There is beauty in many different things, something dying and decomposing is sometimes just as beautiful as something that's just been born. I think there's a misconception to only focus on the lighter side.

When working with other talent for you is it more a question of feeling, culture, understanding?

To come on a shoot like this, you learn how to get the best out of people to realize what you want to do. It's a collaboration, working with everyone to bring the best out of them to make your pictures the best they can possibly be.

When I'm thinking about pictures I always want to see a picture that I've never seen before. That's the first thing. You always try and create a photograph that you've never seen, but it reminds you of something maybe you have seen before. And I think cross-pollination is really important. So, you look at the work of a photographer, an artist, a film-maker and a story you've read somewhere, and then you mix it all up, and you can then create something completely new.

The collaboration with Shona Heath...

Shona is the master of the set, she adds so much more than what I'm capable of. So, if I have a certain vision she's questioning it and challenging me and showing me references of things I might not have seen before. She's got a sense of color like no one else. Her attention to detail is unmatched.

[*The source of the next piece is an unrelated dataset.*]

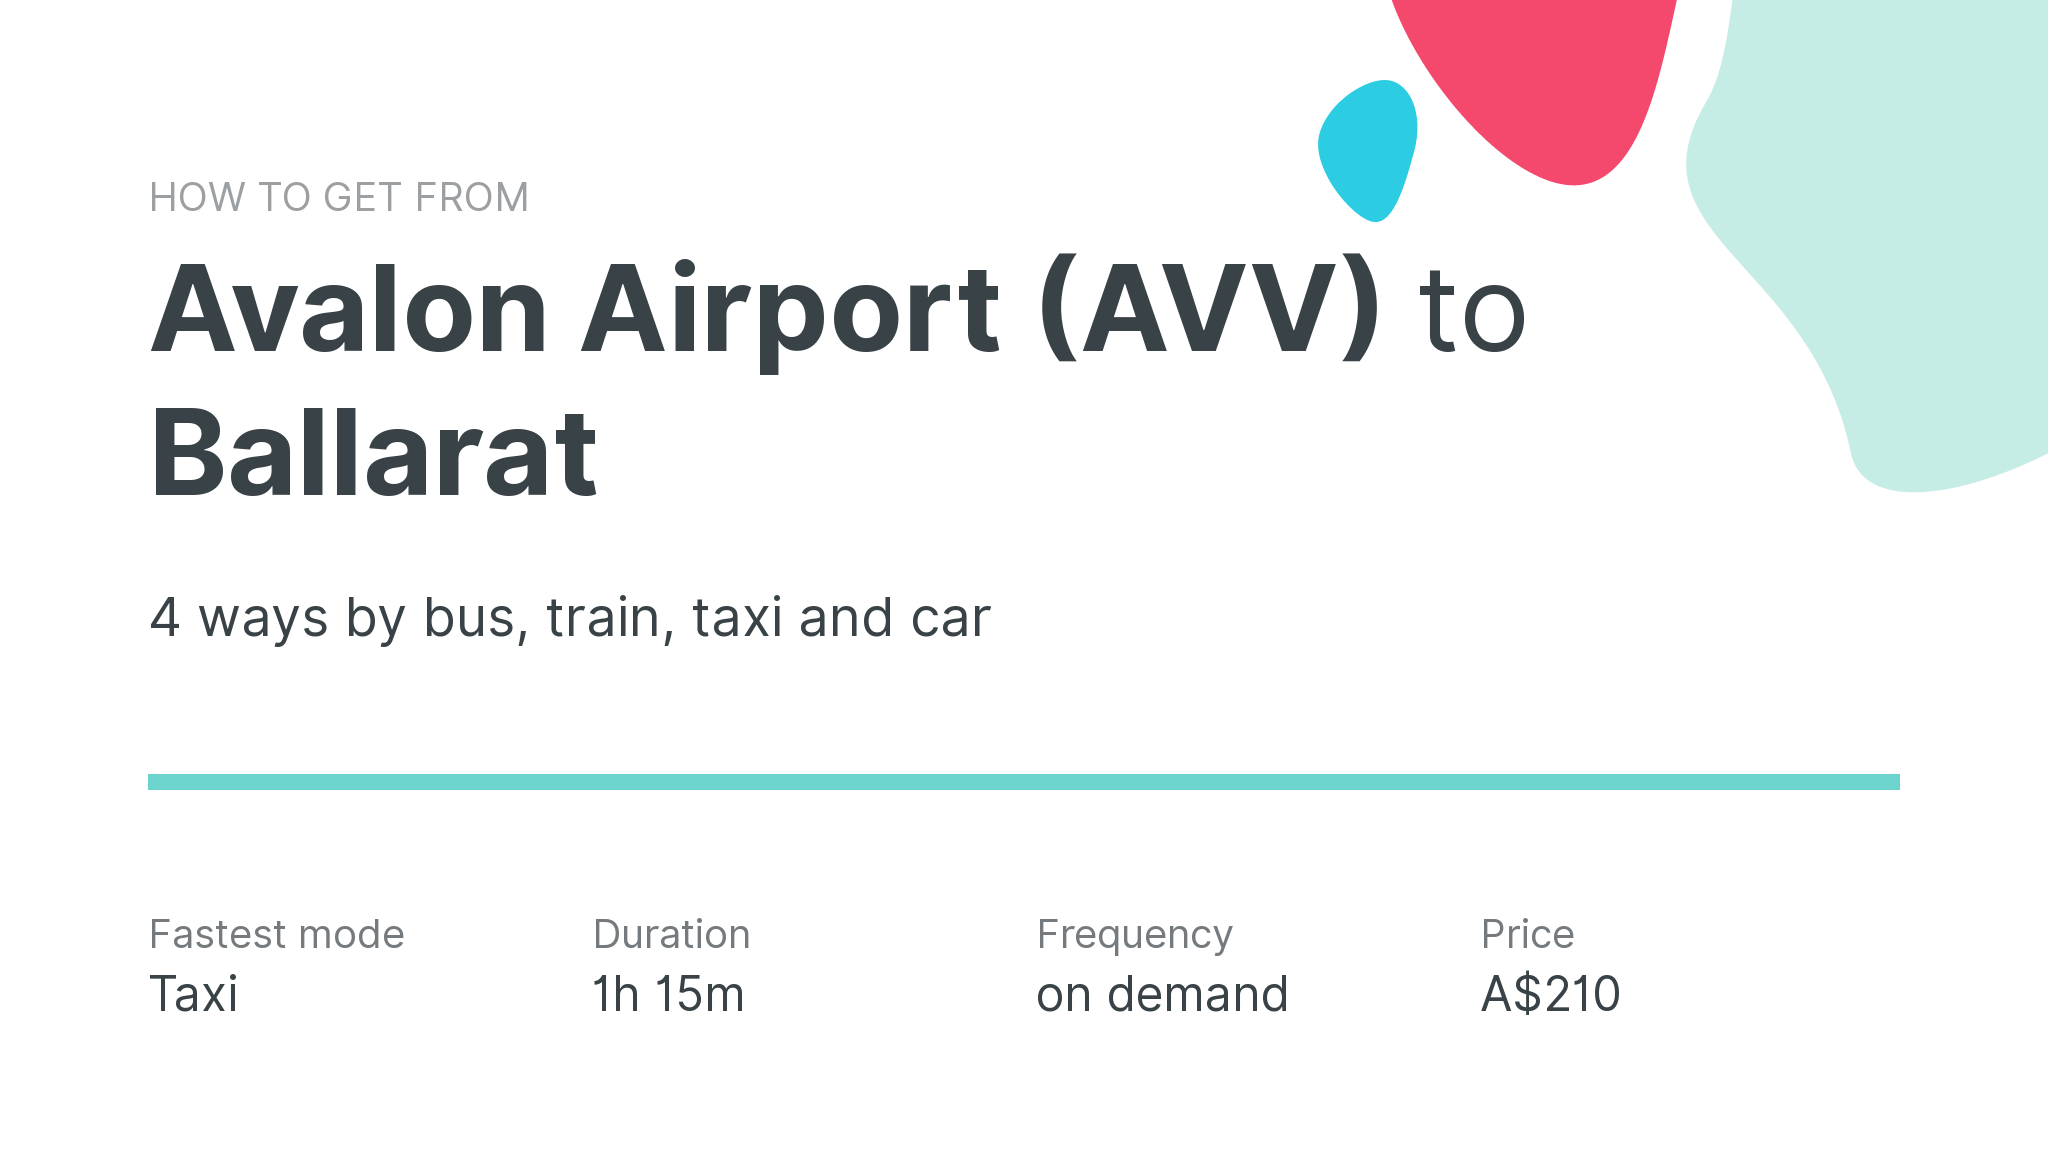 How do I get from Avalon Airport (AVV) to Ballarat

Would you say that if you're not totally true and passionate about your project will people see through it?

I think photography is a sort of apparition, it's something very magical and, kind of, intangible, it's not really there but if you really believe in it you have the facility to make it true and appear.

Photography works best when it feels effortless. When things become over-labored it loses power, because I think photographs are vital when there's almost a mistake about them, and that they're done very spontaneously and there's immediacy.

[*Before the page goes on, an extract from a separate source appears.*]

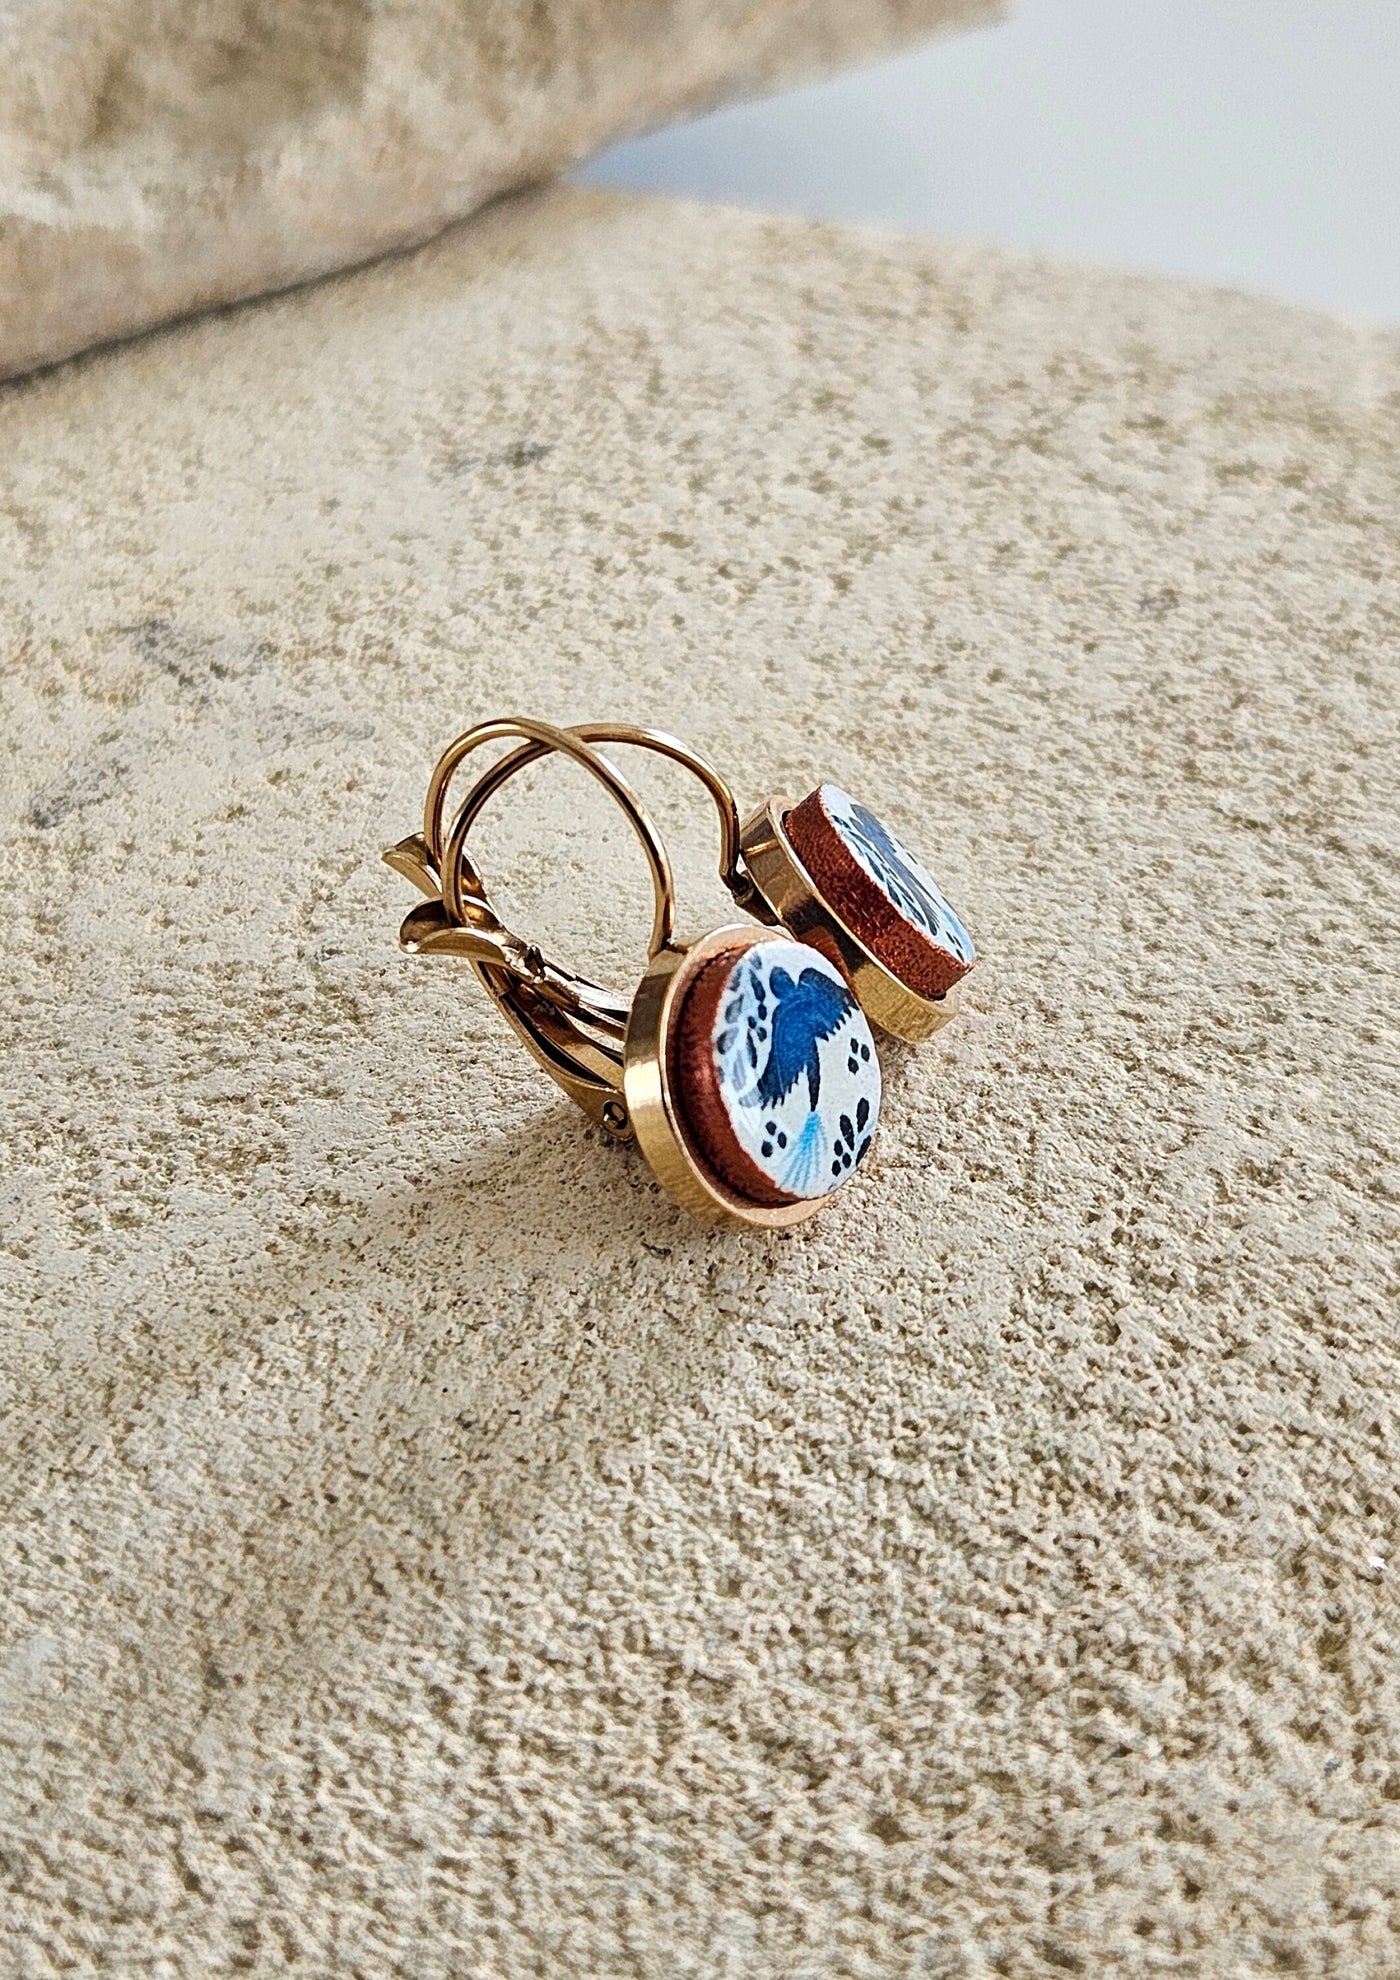 Mexican Blue Dove Tile Earrings Talavera Rose Gold STEEL Blue Drop Earrings Lightweight Rose Gold Hoops Soulmate Gift Spanish Tile Jewelry

The Cal™ 2018: the thought process 02
The Cal™ 2018: the thought process 02

You want to get to a place where you're flying, do you think, when you're working?

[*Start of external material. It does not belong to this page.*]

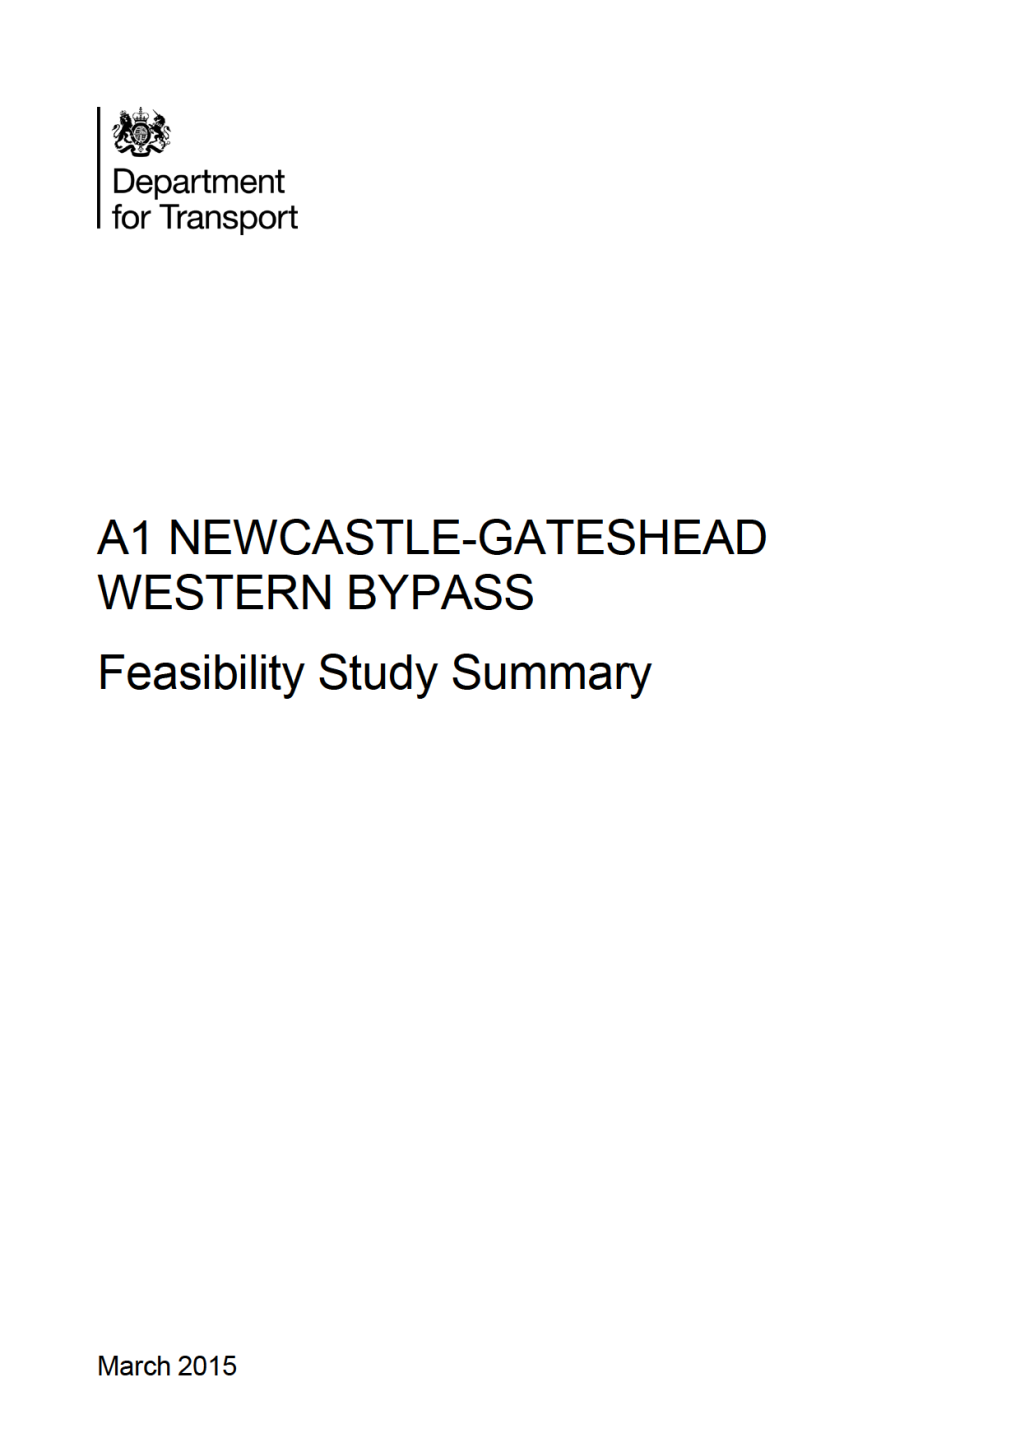 A1 Newcastle-Gateshead Western Bypass

You know, some of the most famous photographs that have ever been taken were never labored. A lot of the war pictures that we remember are split second moments that just came and went, I think that's how photography works, on instinct and speed and chaos. A lot of pictures I take are in some way a love letter to what's been done before, so it's like a bridge to the past, an acknowledgement of who's innovated before me.

Just briefly on the casting again, was this, for you, a very interesting balance of people who you've worked with before?

The Sean “Diddy” Combs and Naomi scenes were chaos. That's good chaos, you want that. One thing I've found out as a photographer is that when things are a little bit out of control they're better. Because you're running on instinct and you're just capturing things quickly. You can't carry ideas or cultural interpretations or the weight of something in on a shoot. You couldn't possibly walk on to set and start taking pictures with too many questions about what the definite thing will be...instinct, that's the thing.

Do you think with the calendar turned out you'd hoped?

As a photographer you're never satisfied, it could be different, but I'm really pleased with the pictures I've done, I'm really proud of them.